Shared Fisheries - A House Built on Sand

Opinion piece by Bill Kirk
April 2007

   

This article was originally published in the New Zealand Fishing News May 2007 edition.

The recent High Court decision in favour of recreational and Maori non-commercial fishers found that the catch allowances for kahawai were unlawfully set because the wellbeing of recreational fishers had not been properly considered and/or allowed for. The Minister of Fisheries has been directed to reconsider his kahawai decisions this year.

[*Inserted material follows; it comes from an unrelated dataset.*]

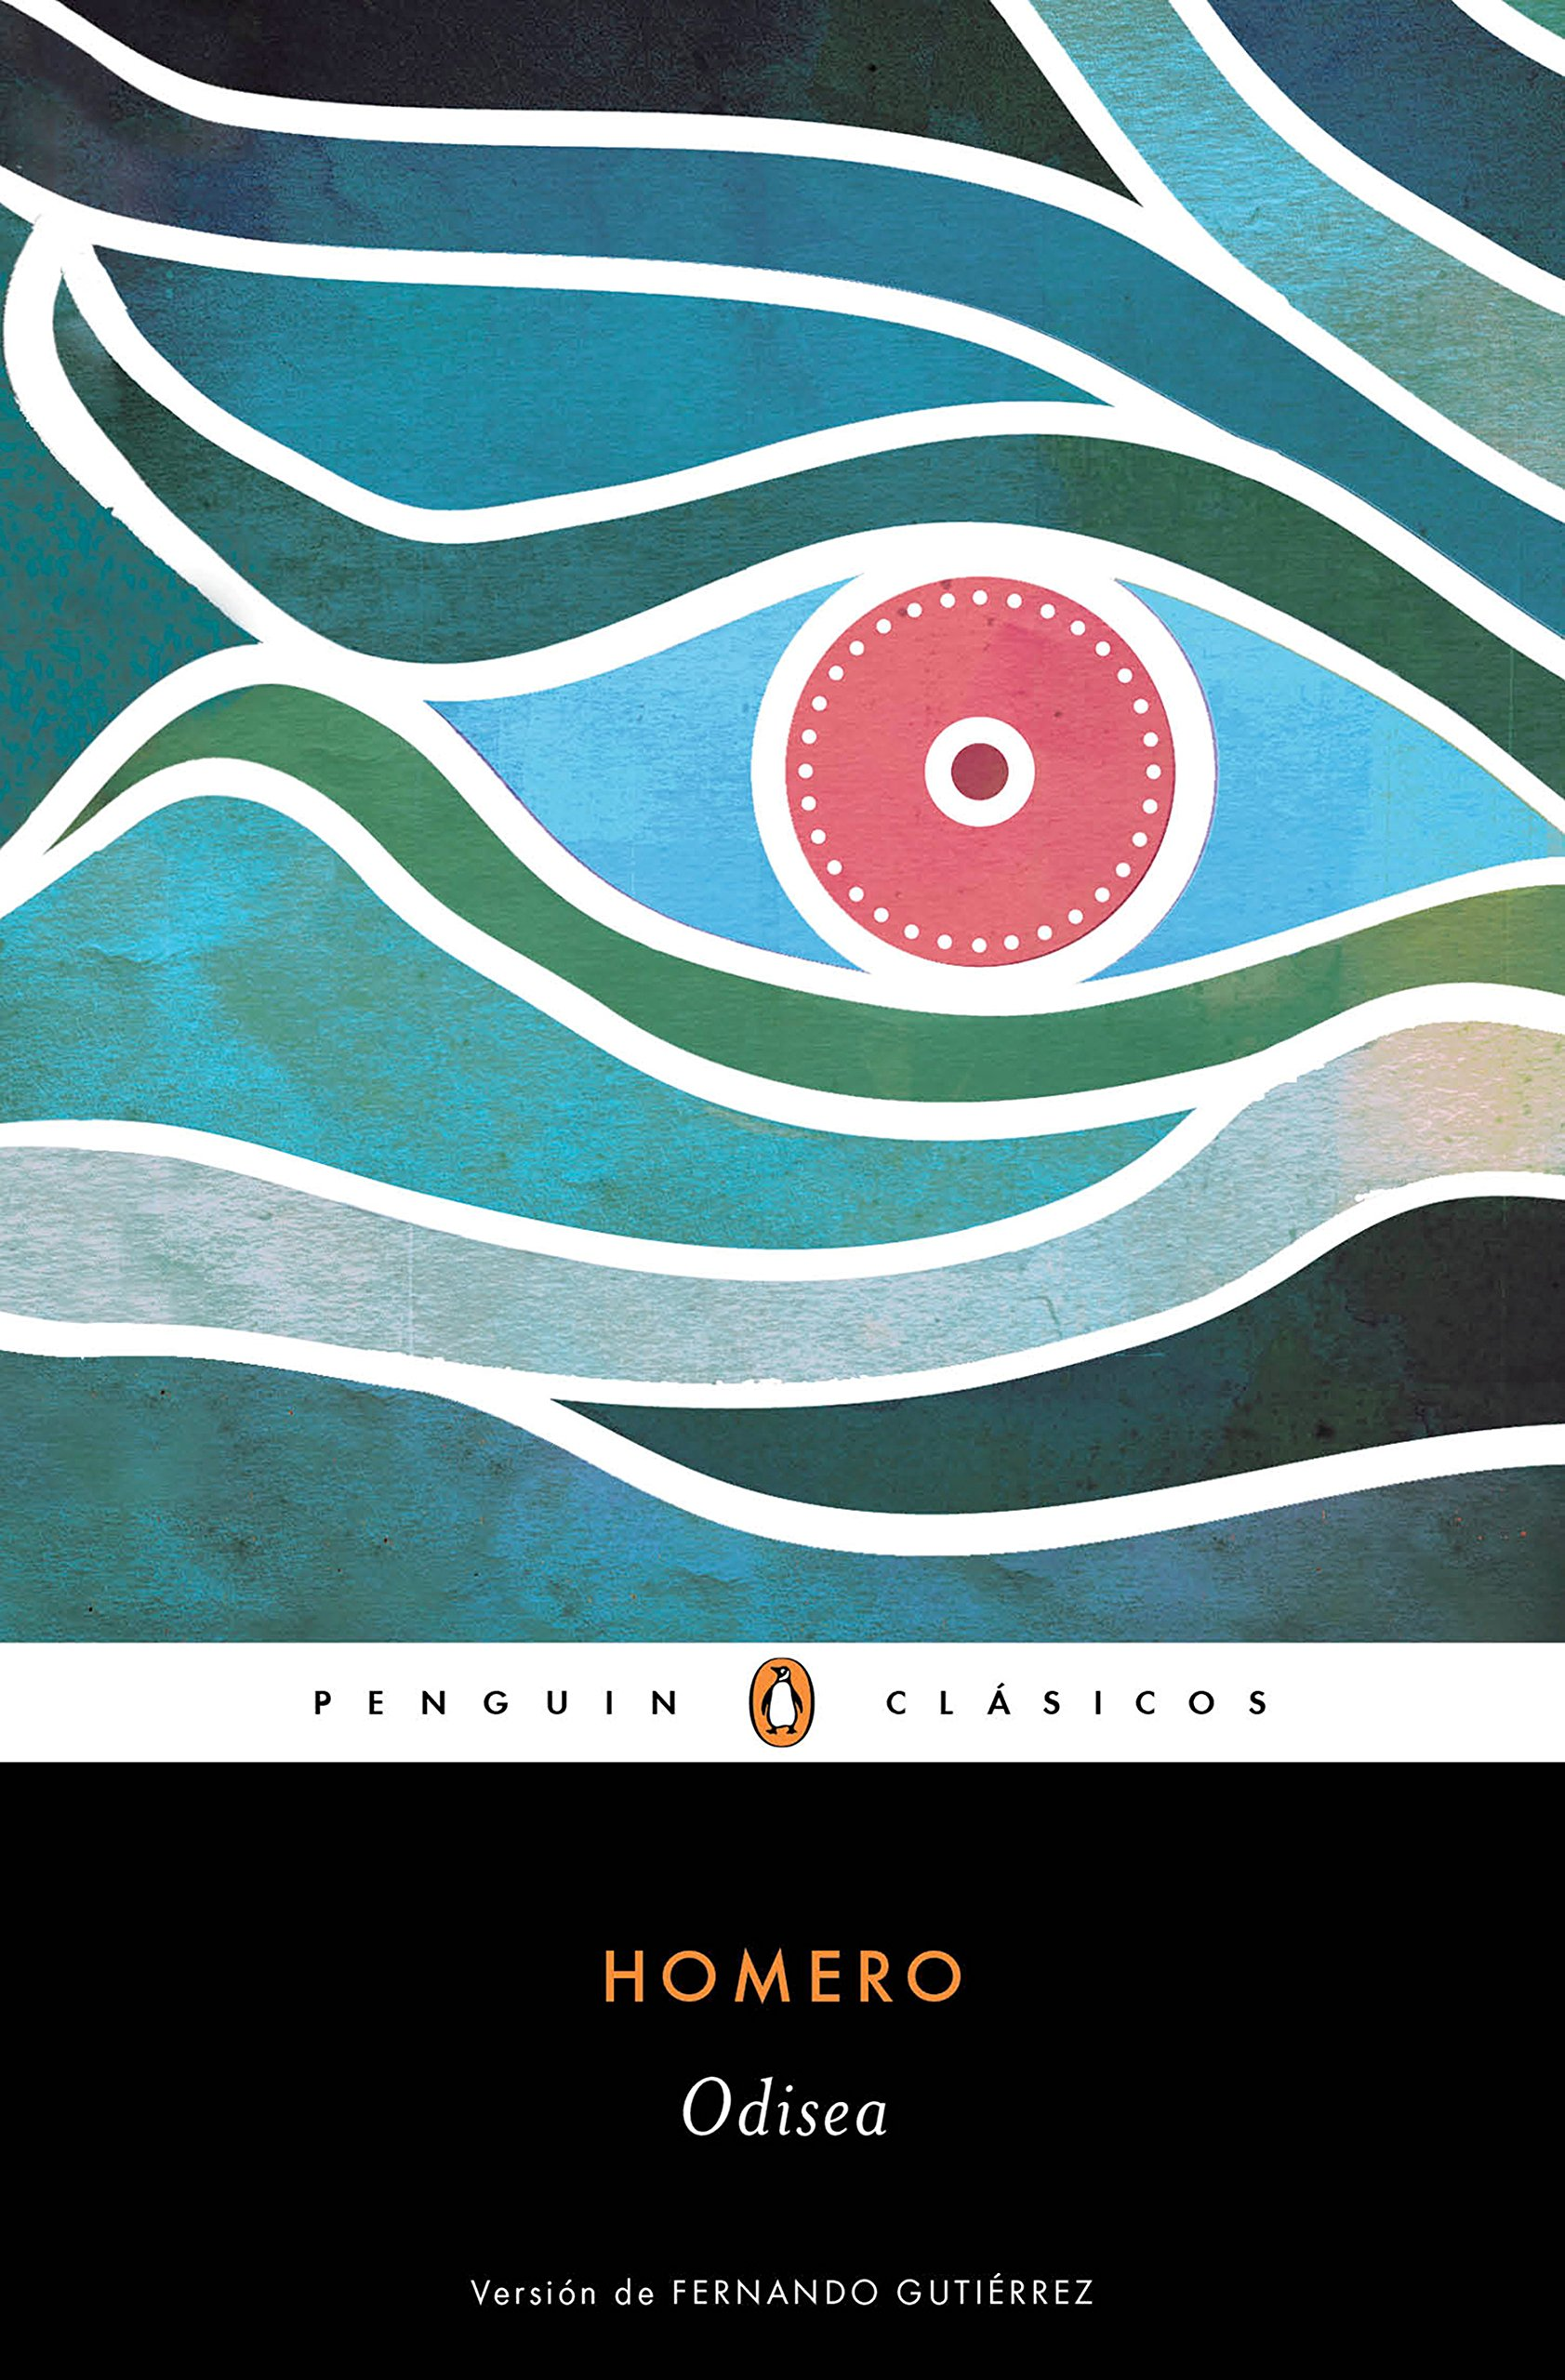 Odisea (PENGUIN CLÁSICOS) Tapa blanda – 21 jun 2018 Homero Homero PENGUIN CLASICOS 8491050809 FICTION / Classics

The precedent set by this ruling is applicable to all shared fisheries.

The findings by the High Court also suggest that most, if not all, current recreational allowances - the total tonnage taken by all recreational fishers combined - may be equally unlawful because they were set in the same erroneous way.

Nevertheless, Shared Fisheries, a public discussion paper produced by the Ministry of Fisheries (MFish) promotes using the now unlawful recreational allowances as baseline allocations under the guise of better integrating recreational fishing with the Quota Management System (QMS) enjoyed by New Zealand's commercial fishers.

There is an abundance of compelling evidence to show that the current recreational allowances are flawed, inadequate and unsuitable for this purpose: Crucial points, which MFish chose to hide or gloss over during the Shared Fisheries consultation process.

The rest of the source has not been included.